Era un pronóstico generalizado que el 31º Congreso no depararía la ocasión para que se abriera la caja de Pandora de las disidencias latentes entre los socialistas. El recuerdo del 28º Congreso, que casi hizo saltar por los aires al PSOE, será durante mucho tiempo un factor de disuasión nuclear para la formación de corrientes críticas dispuestas a llegar a una confrontación abierta con las posturas oficiales. Y, sin embargo, las fisuras del edificio, pese a la cuasi unanimidad de los delegados en las votaciones, no sólo son ya visibles, sino que resultaban irremediables. Tan sólo cabe preguntarse si podrán ser reparadas o se convertirán en grietas.

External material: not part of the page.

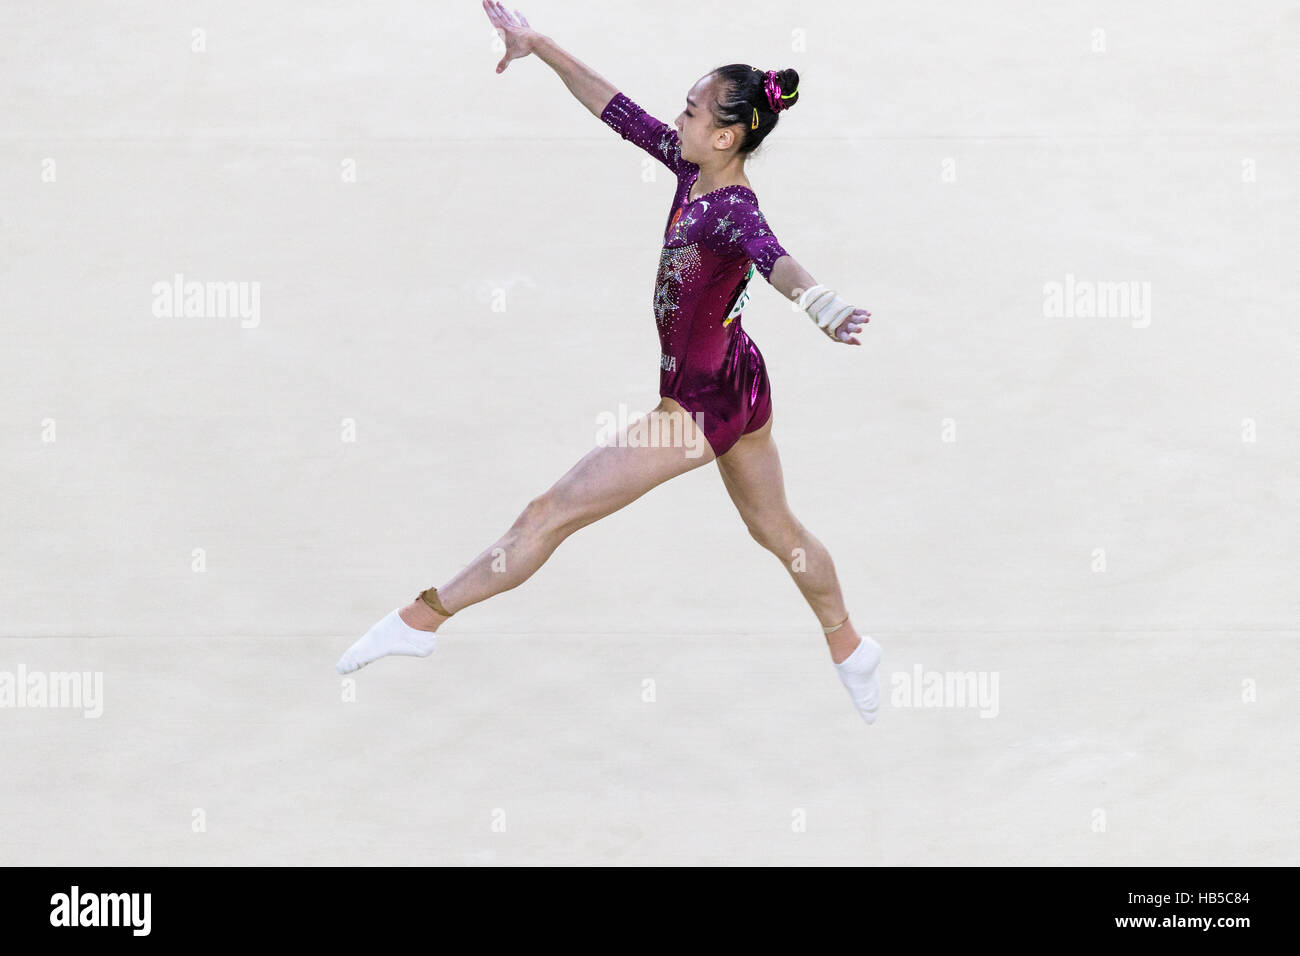 Rio De Janeiro, Brasilien. 9. August 2016.  Chunsong Shang (CHN) durchführt Fußbodenübung Dring Team-Wettbewerb bei den Olympischen Sommerspielen 2016. © Pau Stockfoto

Si una de las maldiciones con que la providencia ha distinguido a los españoles es su tendencia a llegar mal y con retraso a casi todas partes, los socialistas no han sido la excepción. Su incorporación al Gobierno ha coincidido con una coyuntura en la que las políticas socialdemócratas, aplicadas con éxito en otras zonas de Europa durante la etapa de recuperación de la II Guerra Mundial, parecen en buena medida agotadas. La polémica del 28º Congreso sobre socialdemocracia y socialismo remitía, en última instancia, a las diferencias entre las realizaciones llevadas a cabo desde el poder por los partidos socialistas europeos durante el período de crecimiento que hizo posible la ampliación del Estado del bienestar y las imprecisas recetas, a medio camino entre la reforma y la revolución, formuladas por los ideólogos de la II Internacional en el cruce de los siglos XIX y XX.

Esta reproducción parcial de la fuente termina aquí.